Had a great Halloween with the kids...Ashley went to a bonfire and then came back to the house with friends and played poker for candy. If you thought the tension was high between grown me playing for money, you should have seen four teenagers playing for chocolate. I thought it was going to get ugly. I could hear the play by play because they chose to play in the living room directly under my bedroom instead of the 1500 square foot basement that we remodeled just fo the kids and their friends. I won't divulge any of the conversation but I am sad to report that the phrase "that's what she said" is still being used.
Michael went to a co-ed Halloween party. They all dressed up like crayola crayons and went as a box of crayons. His friend Jessica wanted to decorate his t-shirt but he told her "no, my mom will want to do it ...she's kind of a freak about stuff like that ..:. At least my son knows me well. This was the easiest costume I have ever had to do so I was very happy. If you remember a few years ago Michael wanted to go as a pimp so a crayon was a big improvement. After the party I picked him up and this was the conversation on the way home:
Mom: Did you have fun?
Michael: Yea, it was a blast.
Mom: Sniff Sniff..you don't smell like Michael..

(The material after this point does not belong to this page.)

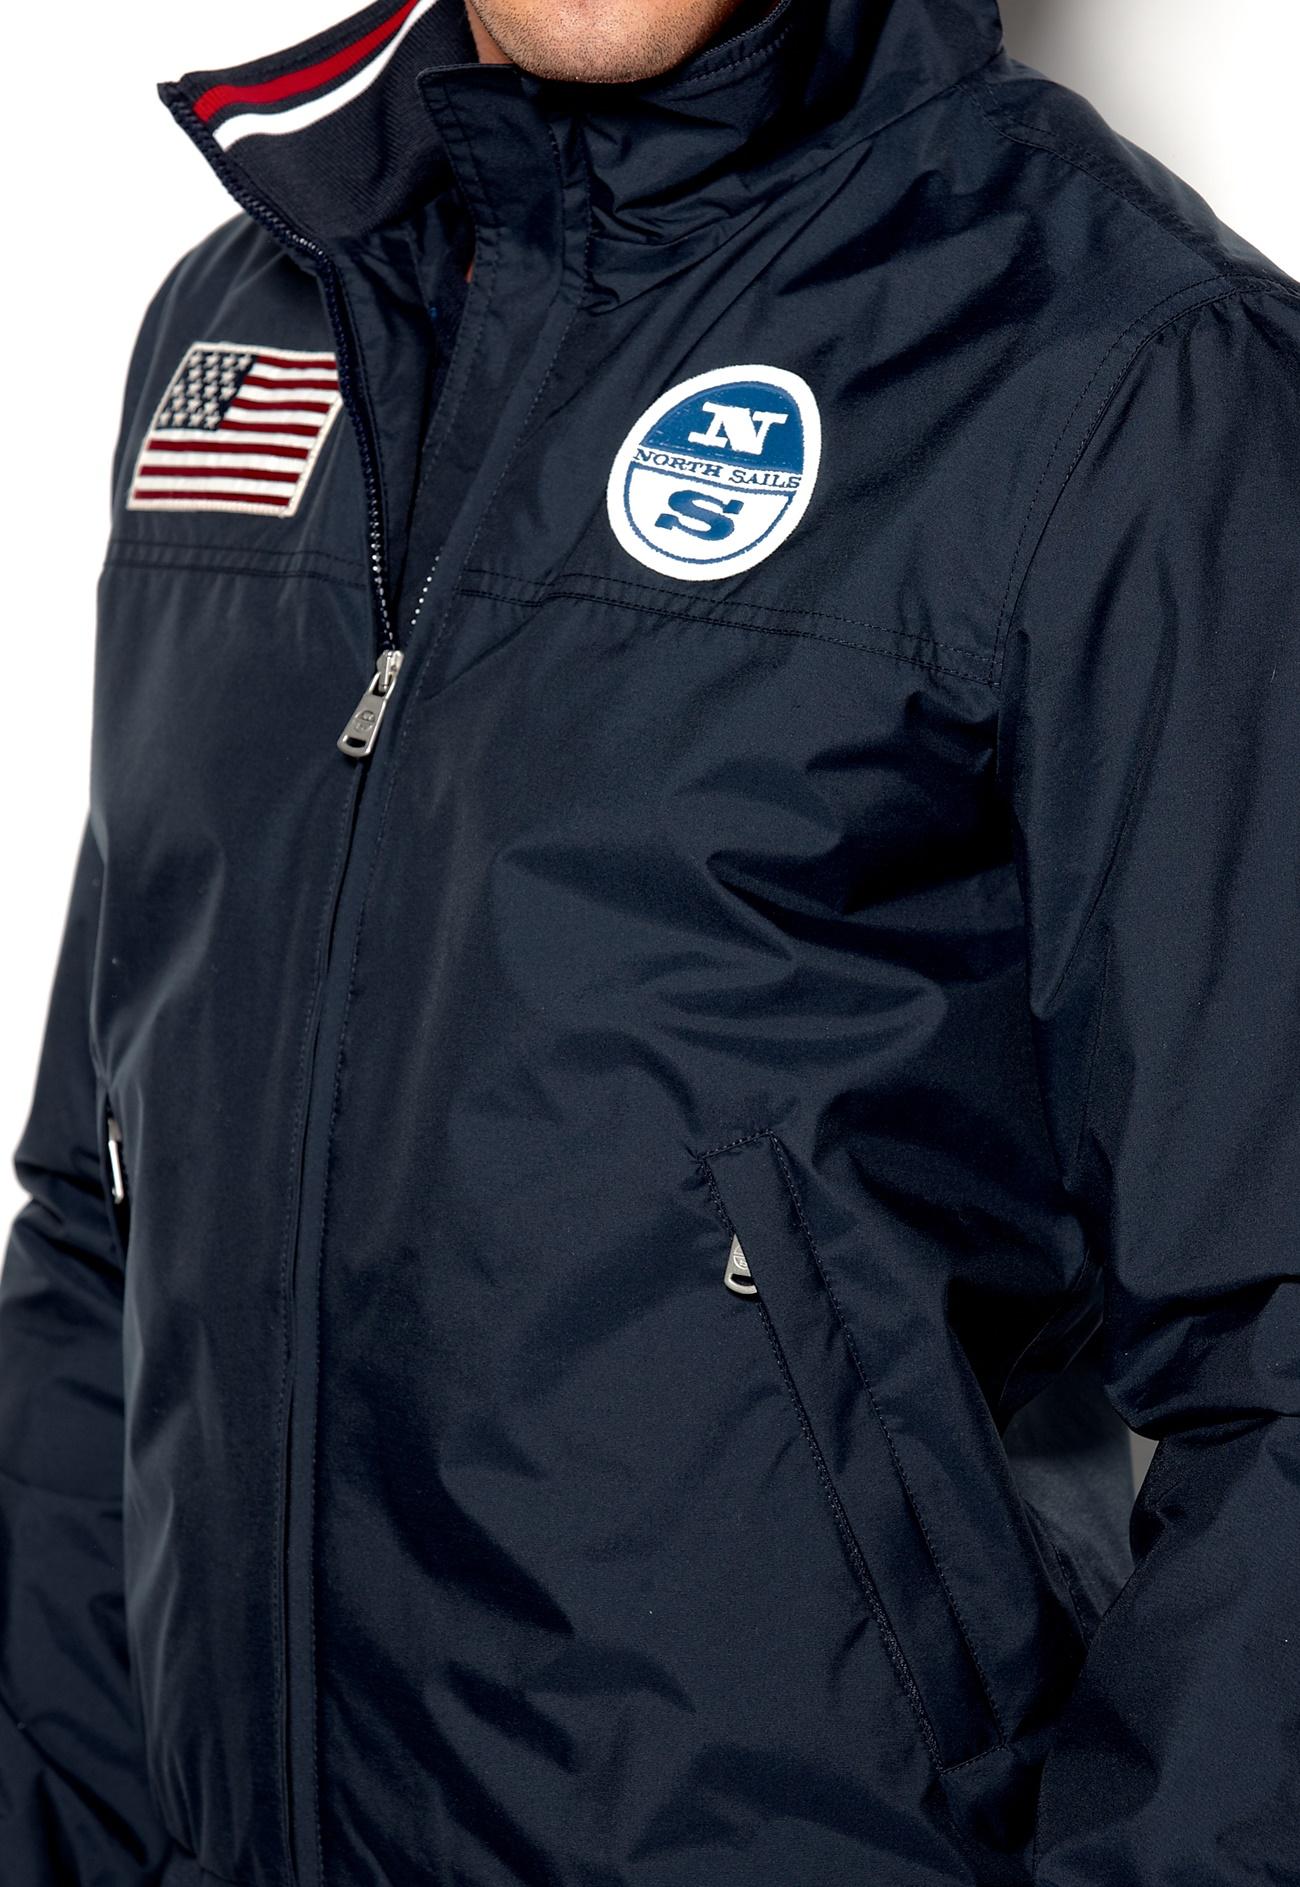 north sails sail team jacket bluoltremaro bubbleroom. Black Bedroom Furniture Sets. Home Design Ideas
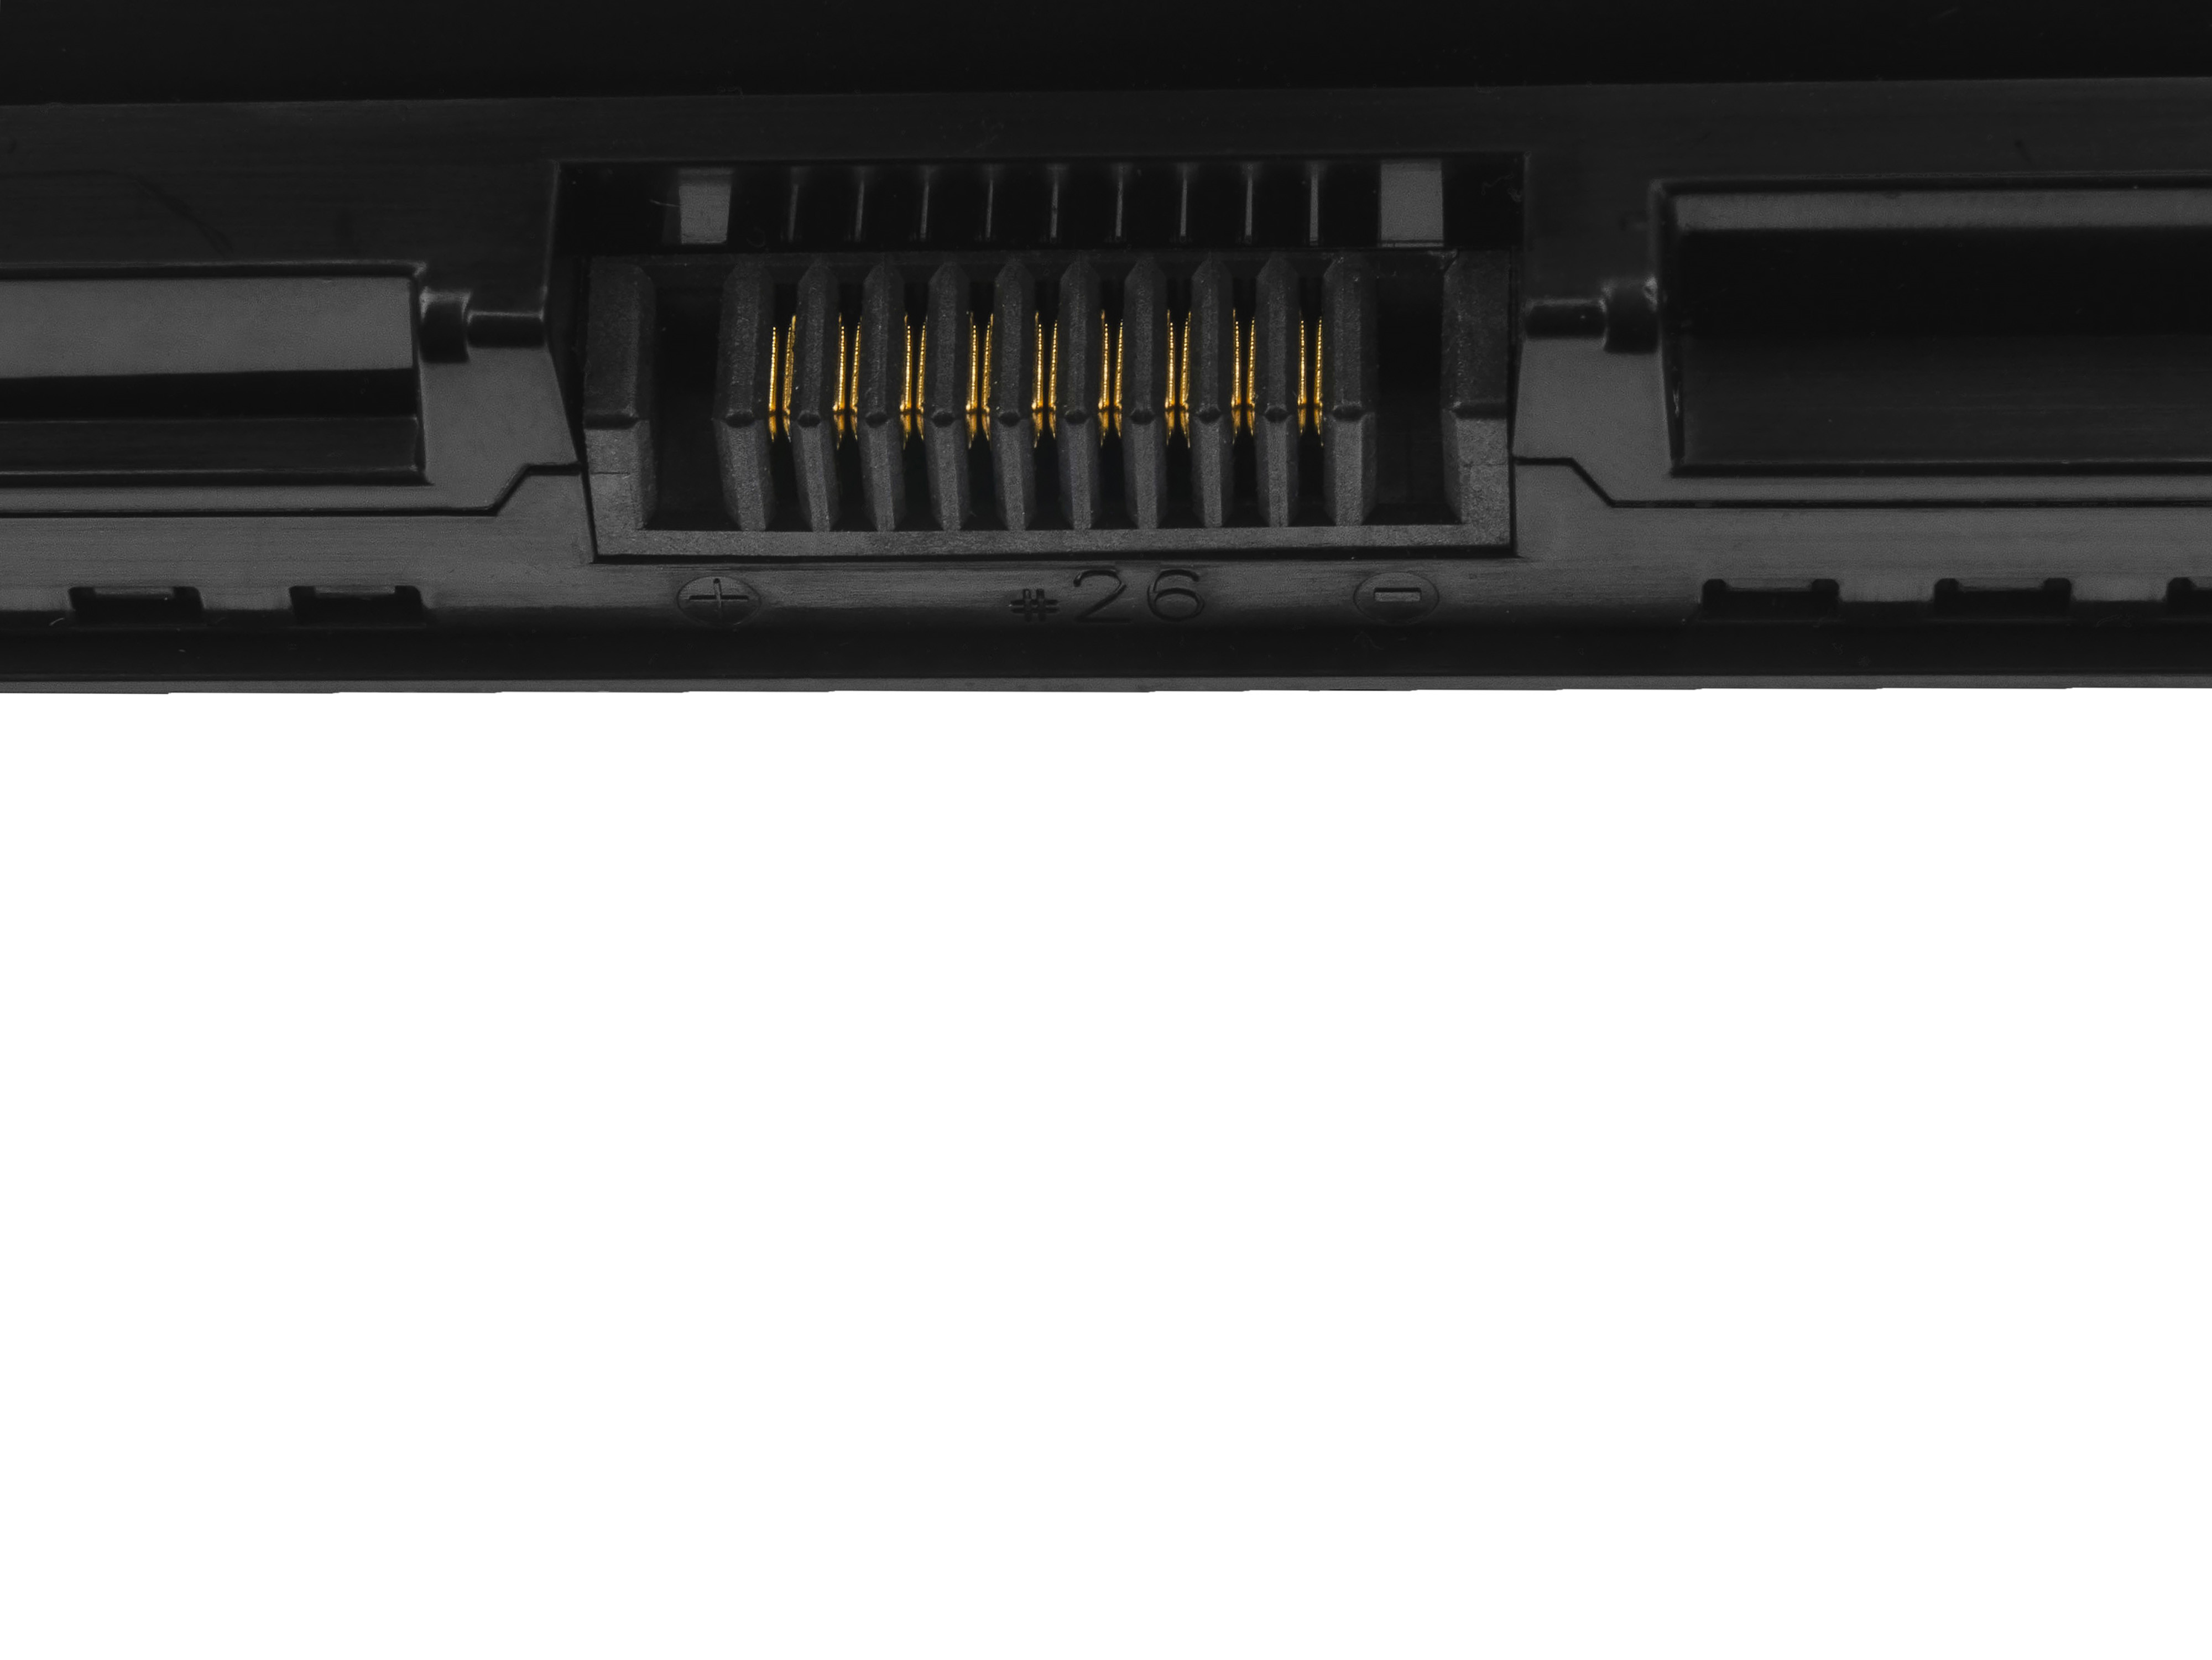 Batteri PA5121U-1BRS PABAS274 för Toshiba Satellite P70-A P70-A-10L P70-A-10W P75-A P75-A7100 P75-A7200

Michael: What? What do you mean?
Mom: I mean you smell like someone other than yourself. You smell I don't know ..sweet?
Michael: Are you kidding me? I don't SMELL like me?
Mom: No you don't you smell all sweet ...did you make out with a girl.
Michael: NO...geez
Mom: Are you sure?
Michael: I am 100% sure I didn't "make out" with a girl!!!
Mom: Well, you sure smell sweet for a boy.
Michael: Maybe it was all the candy I ate.
Mom: No it's a girl smell not a Snickers smell. I'm not dumb you know..if you made out with a girl you can tell me...
Michael: I didn't make out with a girl!!
Mom: Did you kiss one, or hug one?
Michael: NO!!! I swear I didn't do anything with a girl.
Mom: OK but you don't smell like my Michael.
Michael: You have got to be kidding me!
After many sideways looks by me and much more denial by him we continued home.Ten minutes from home his face lit up and he grabbed his baseball sweatshirt out of this bag. I hadn't seen this sweatshirt in a month because one Friday night Jessica ( the girl that had the party) called him from the H.S. football game and told him she was cold and asked if he could bring her one of his sweatshirts to wear. Pretty smart girl.... Michael grabbed the sweatshirt and sniffed it and exclaimed "THIS IS IT!!!!" Apparently Jessica had been wearing it to school every day and she wears a very lovely but not a Michael smelling body spray. He was so excited to solve this mystery and to tell me "I told you so..." I was really happy that he hadn't spent so much time with some girl at the party that he "didn't smell like Michael". Oh, there may have been some kissing going on, I am no fool. But at least for now he still smells like my bitty baby boy Michael.
Friday, November 6, 2009
Wednesday, November 4, 2009
Friday, September 25, 2009
Thank God I don't have a uterus...
because I fear I would attempt to use it. If you had told me that I would be falling in love with babies at this point in my life I would have told you that you were certifiably insane. I have long since been OVER the "baby phase" and quite frankly have never looked back. But lately I just long for a baby. Their little cherub like faces are everywhere..they look so sweet and I just want to snuggle them into my arms. I see all the little cute clothes and just want to gather them in my arms and rush to the check-out. I know this is absolutely crazy but it is what it is and I am praying it will pass. I discussed this with the kids and they had very different points of view. Ashley reacted with "are you crazy...do you really think you want get up at 3 a.m. with a baby?" No I replied I thought you could do that and then by the time you go to college the baby would be sleeping thru the night. She did not find this at all funny (hope my new baby has a better sense of humor) and left with a stern warning to not even think about this topic again. That's my pragmatic, mature no nonsense girl. Michael on the other hand replied "COOL can we get a black baby? I always wanted a black baby......" That's Michael, not thinking at all about how much work it would be but how cool it would be and this would be his chance to finally be black which is his dream. No thoughts about the responsibility or that no matter what race the baby is we would still have to feed it.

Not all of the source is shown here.